SUPPLIED MATERIAL:
_ _ _ _
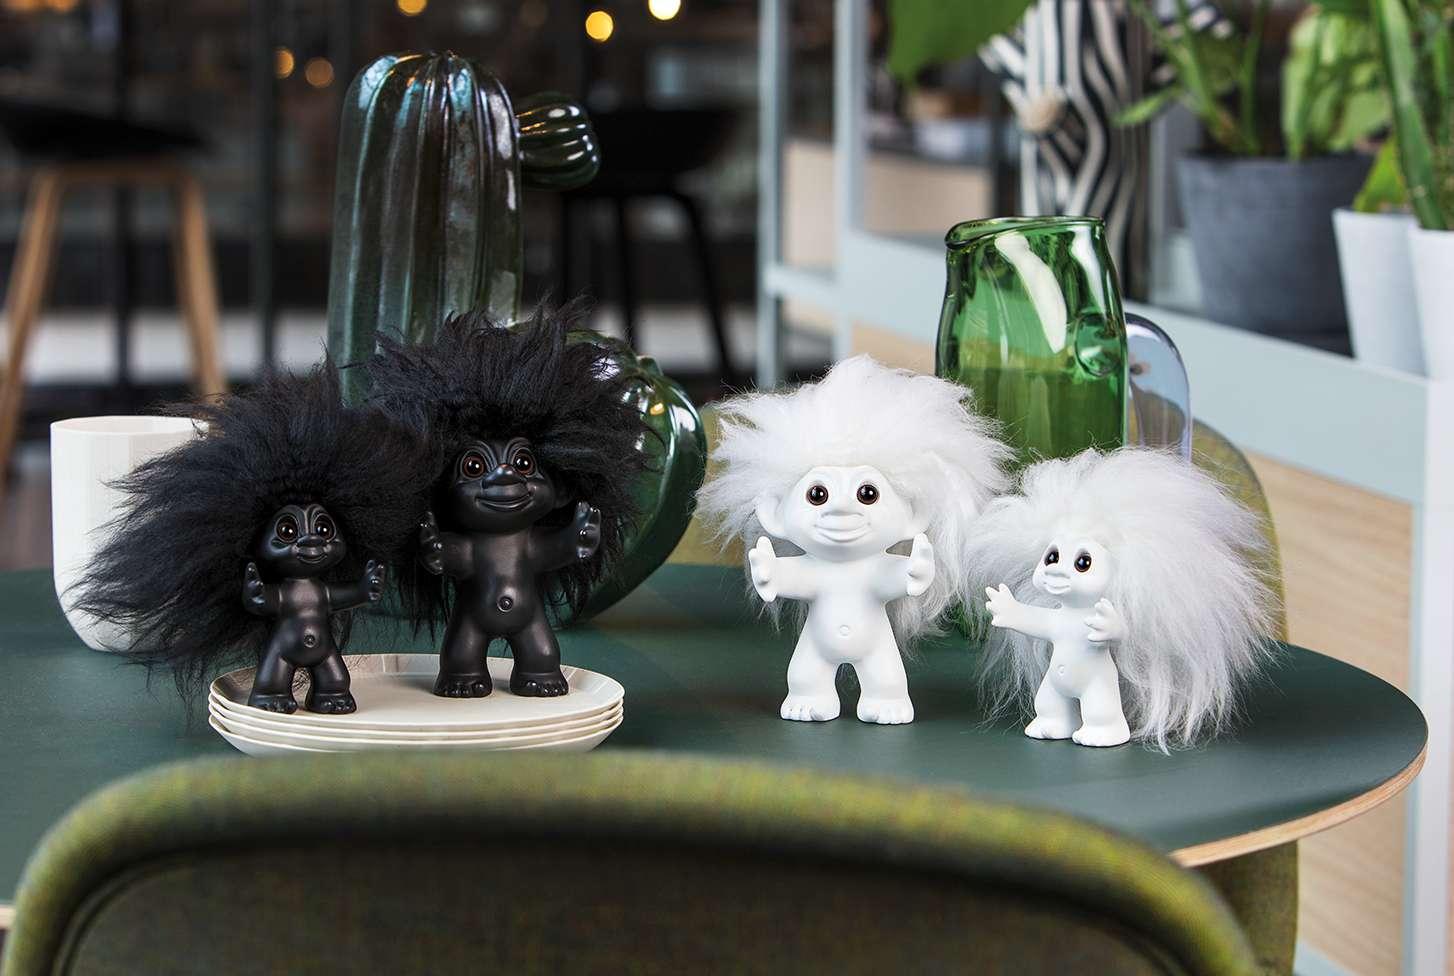 Decorative Trolls for Hotels
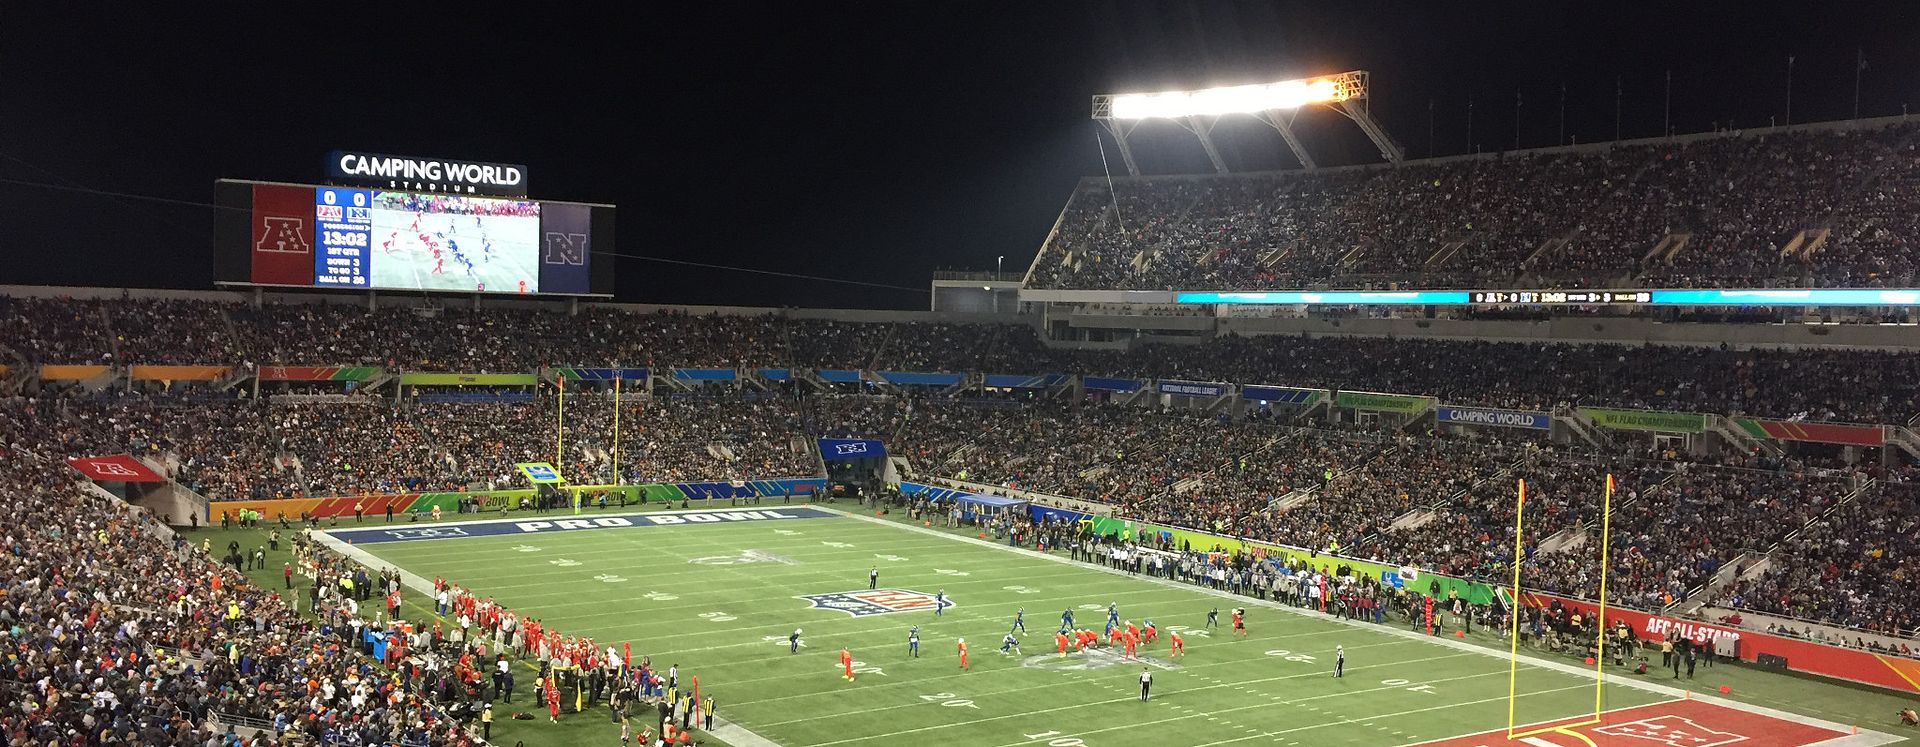 Pro Bowl football game at Camping World stadium
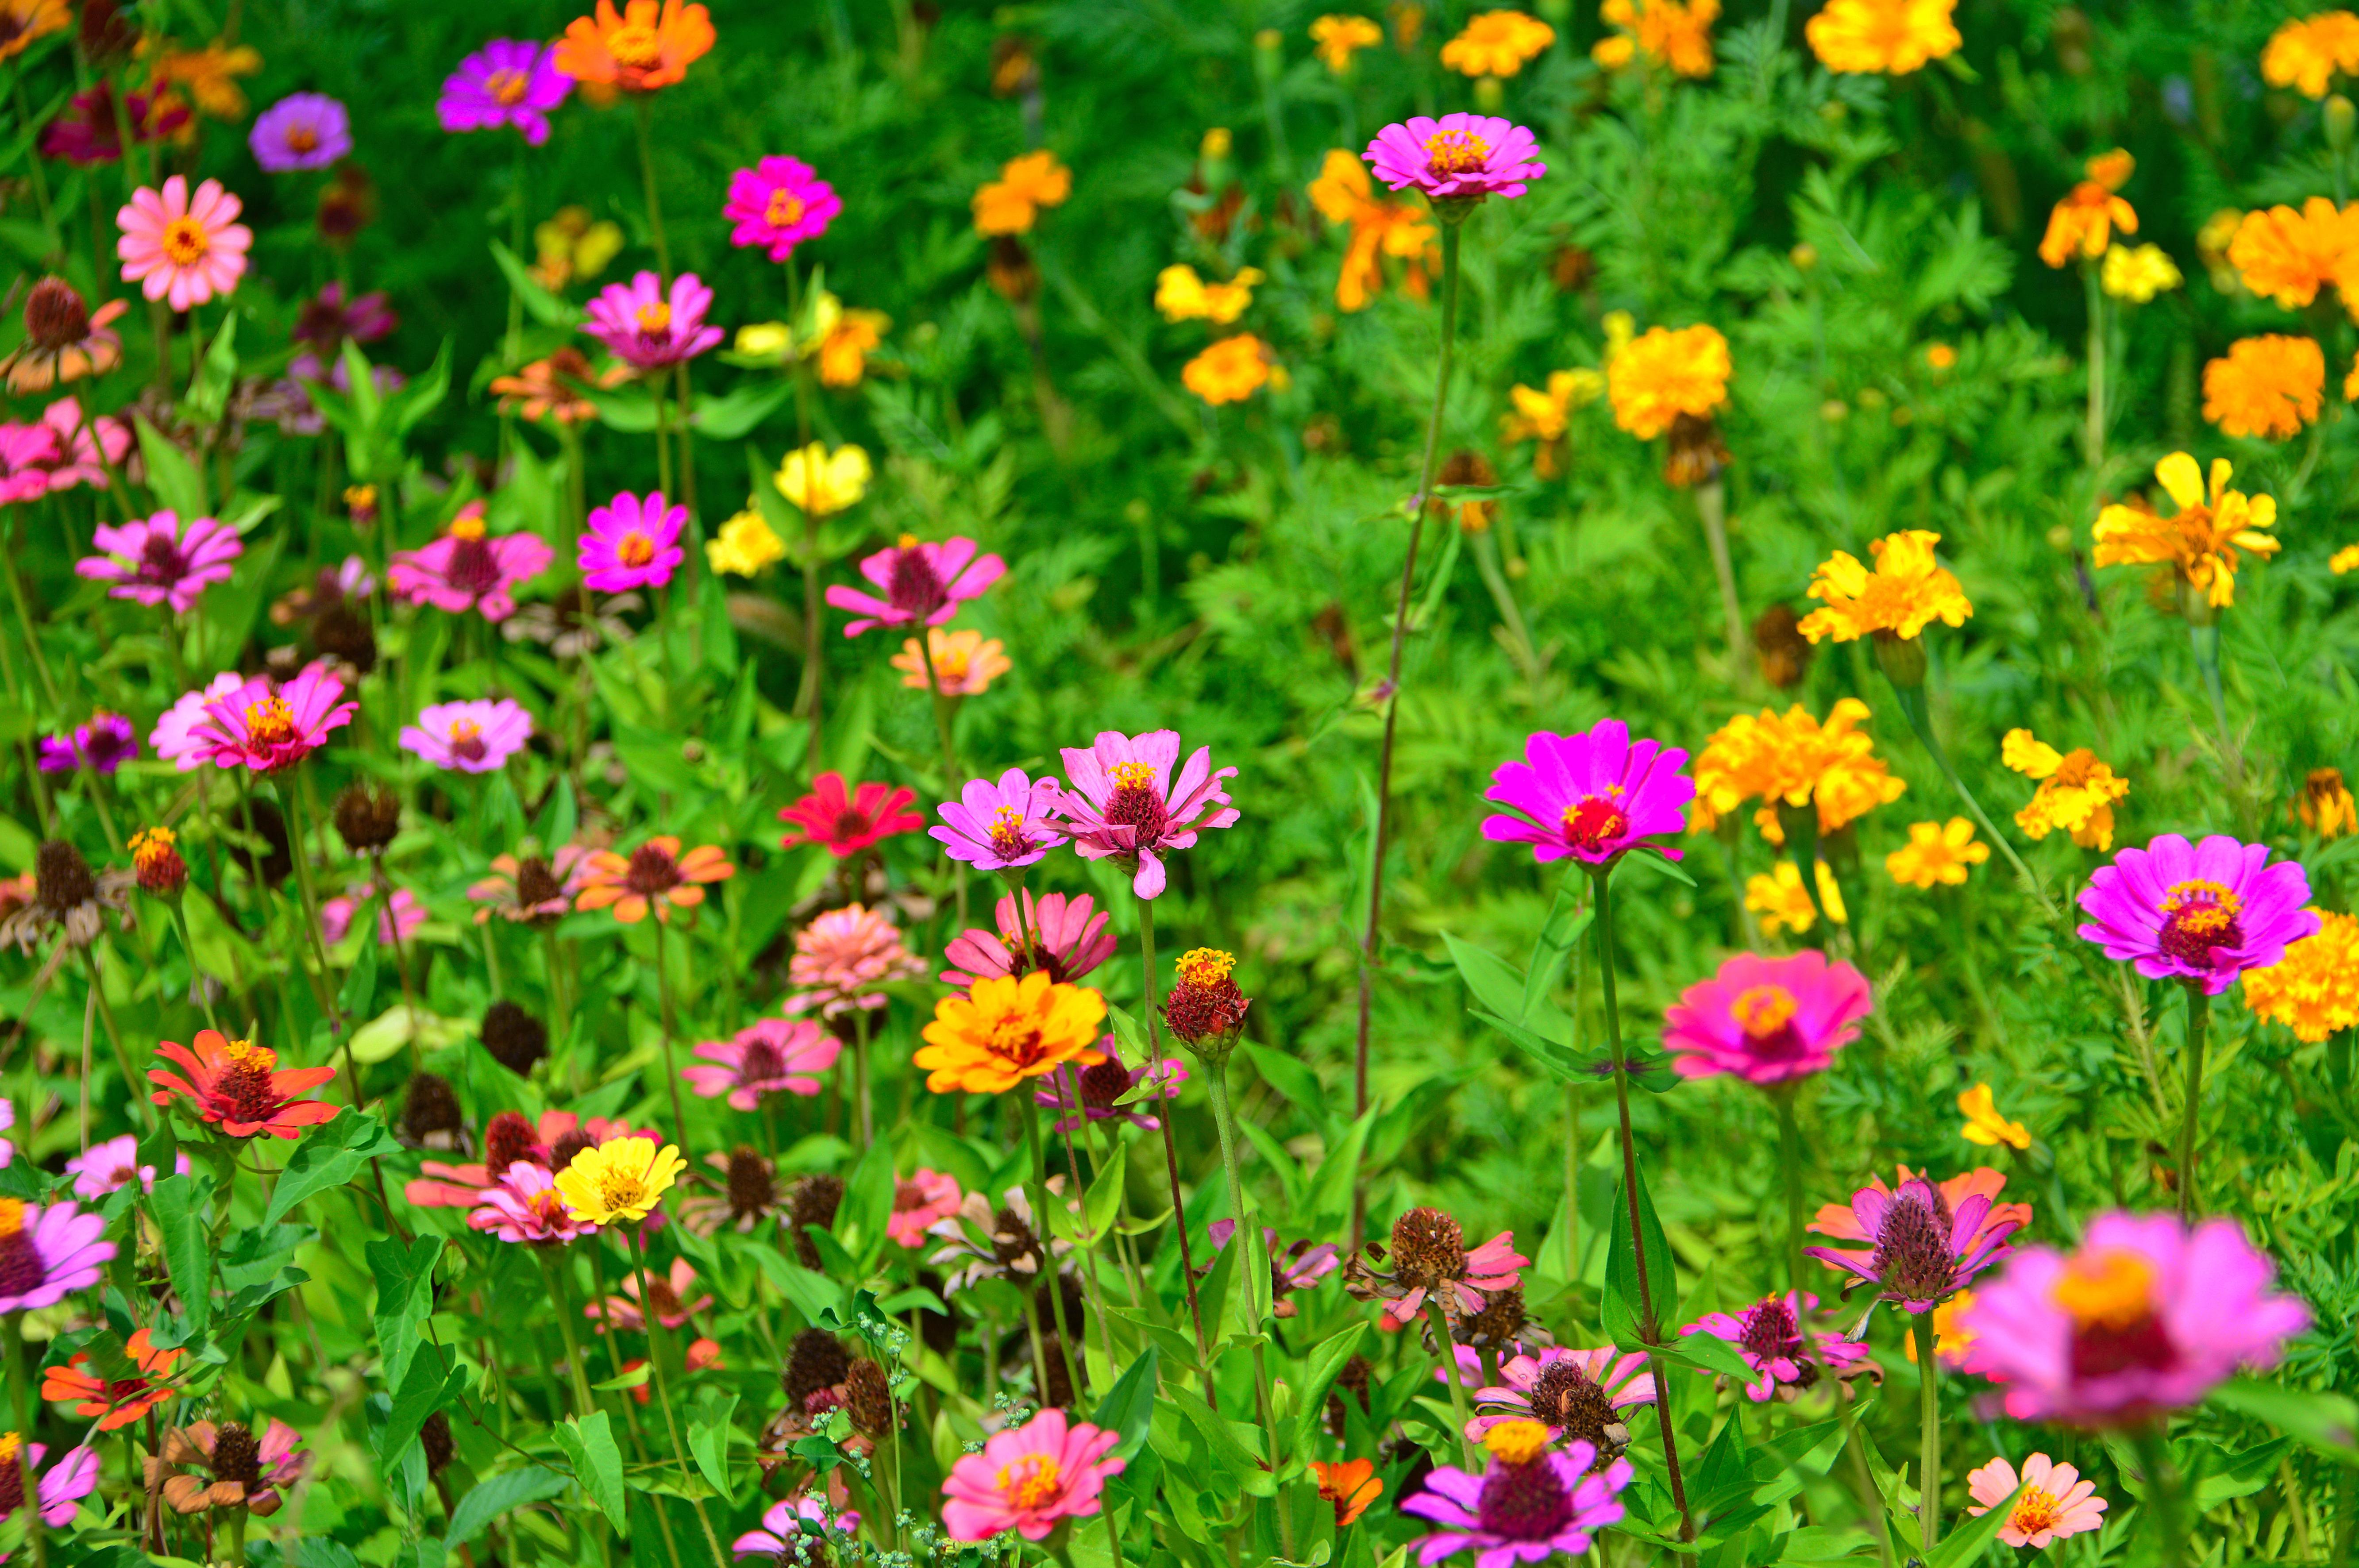 Free Images Flowers Flower Wildflowers Field Meadow Summer
_ _ _ _
ASSIGNED TASK:
Pictures must not appear in the copy, which must otherwise match the listing exactly.

RESPONSE:
 Decorative Trolls for Hotels
 Pro Bowl football game at Camping World stadium
 Free Images Flowers Flower Wildflowers Field Meadow Summer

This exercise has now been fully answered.